Esophageal carcinoma (EC) has the sixth highest lethality rate among cancers and is the eighth most common cancer worldwide (1). Developing countries in Asia, including China, Turkey and Iran, have the highest incidence rates of EC, where patients are mostly diagnosed with EC in the middle and late stages of the disease, with 15–25% survival after 5 years (2,3). However, early diagnosis, via highly developed endoscopic techniques, may increase survival rates by enabling the use of early treatment regimens and mitigation techniques (3,4).

The root cause of EC remains unclear; however, environment, sex, race and personal characteristics, including alcohol intake, smoking, viruses and genetic factors have all been linked to its initiation and progression (3). A number of susceptibility genes, such as GSTT1 and CYP1A1 (5,6), suppressor genes including p53, p16, APC, Rb and EPB41L 3 (7,8), and oncogenes such as cyclin D1 and EGFR (9), have been shown to serve a role in the development of EC, and have provided significant data regarding the early diagnosis of EC.

Melanoma antigen gene (MAGE) is a family of tumor-associated antigens that was discovered in malignant tissues by van der Bruggen et al (10) through gene cloning experiments. Research has shown that the MAGE family A (MAGEA), which consists of a group of 12 genes named MAGEA (112), is located in humans at the chromosomal location of ChrXq28 (11,12). Expression of MAGE1 has a close association with tumorigenesis, and certain members of the family have been studied as diagnostic markers for various types of carcinoma (12). Previous studies have also shown that the occurrence of EC is a consequence of environmental factors along with human papillomavirus (HPV) infection (1315). The MAGEA family is highly expressed in different cancer tissues, particularly in ESCC tissues; various cancers in the lung, head and neck, esophagus, bladder, stomach, colorectal, breast, liver and ovary; as well as lymphocytic leukemia (12,16).

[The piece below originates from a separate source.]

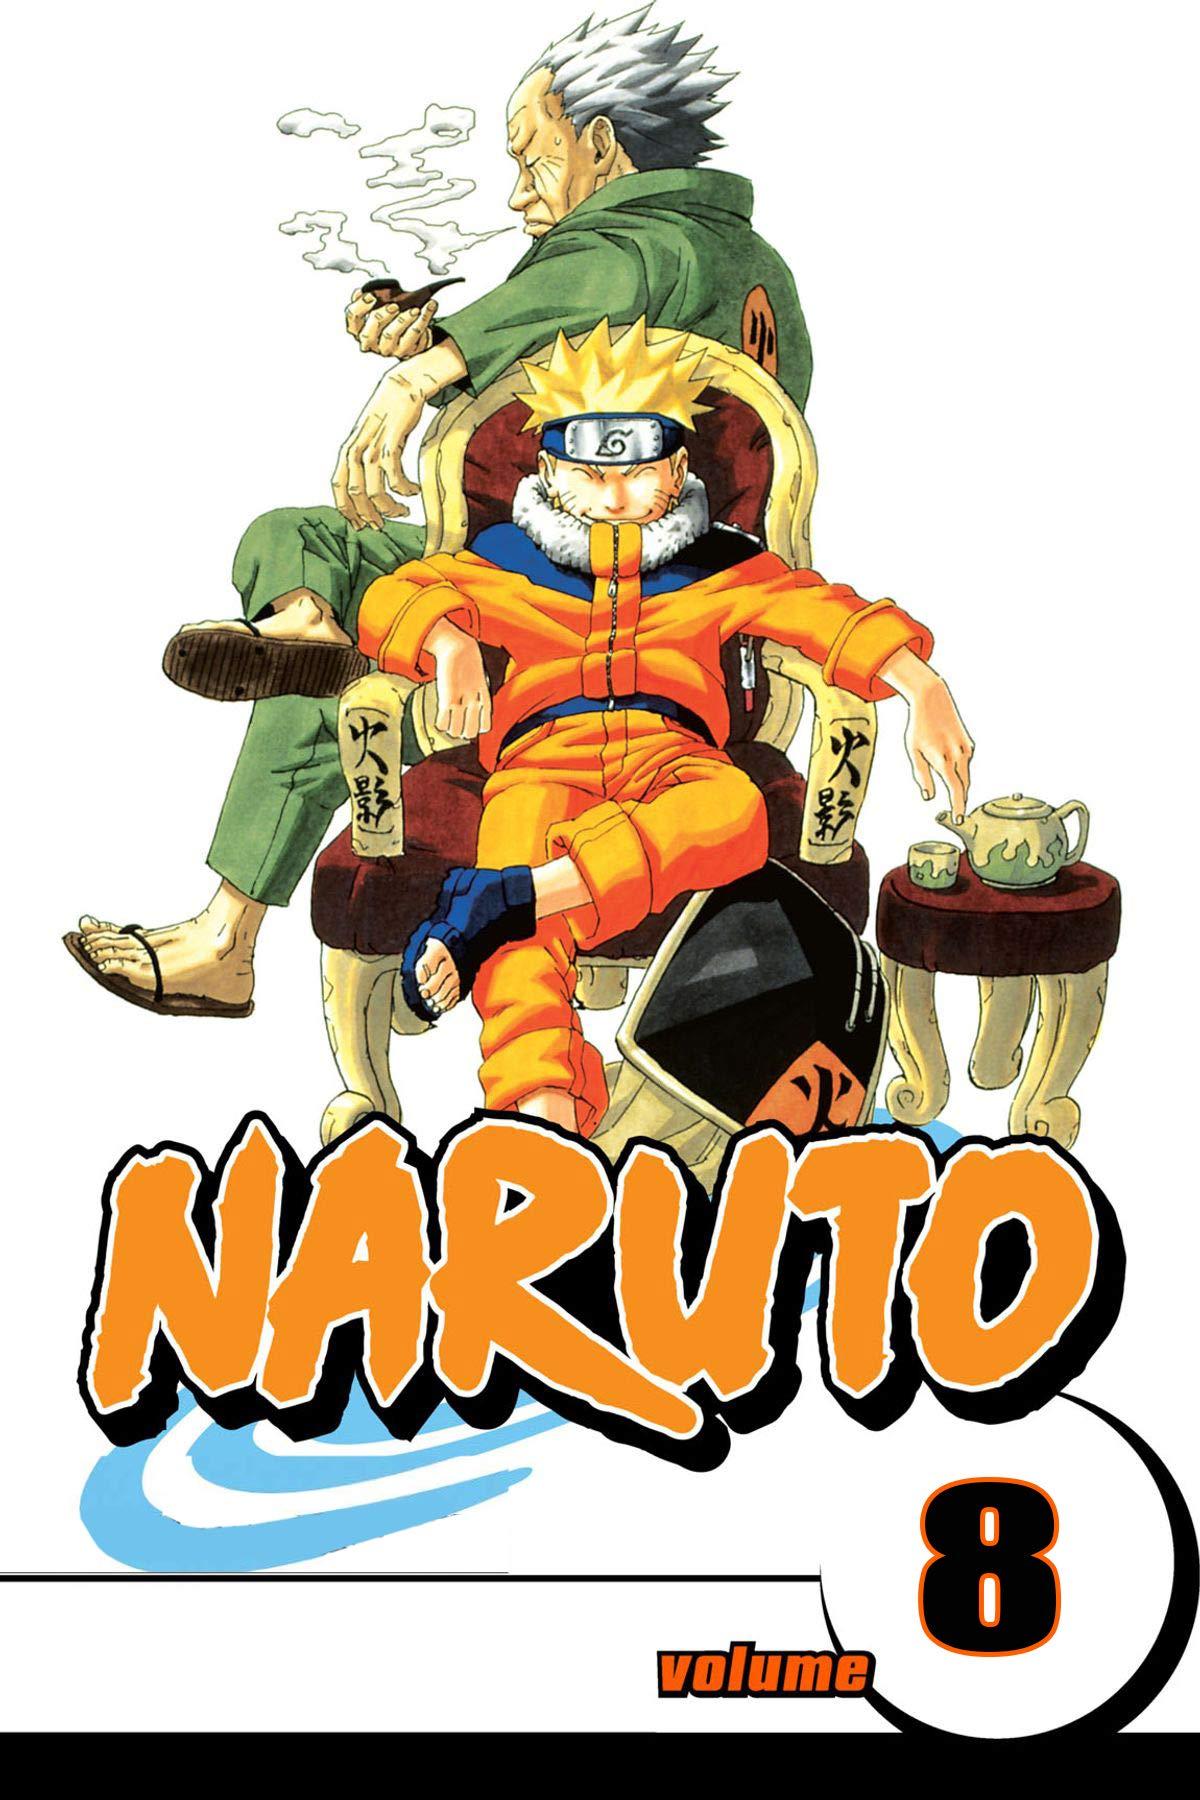 Full-Color Manga vol 8: Naruto Full

Research into the metastasis of esophageal epithelial cells has indicated that MAGEA6 may be important in the occurrence of EC (12). However, the specific association between MAGEA6 and the incidence of EC, as well as its mechanism remain unclear. Therefore, the present study focused on clarifying the biological association between the expression of MAGEA6 throughout different stages of the expression process (mRNA transcription and protein expression) and the occurrence of EC. Furthermore, a detailed analysis of clinically derived EC clinical samples and EC cell lines was conducted.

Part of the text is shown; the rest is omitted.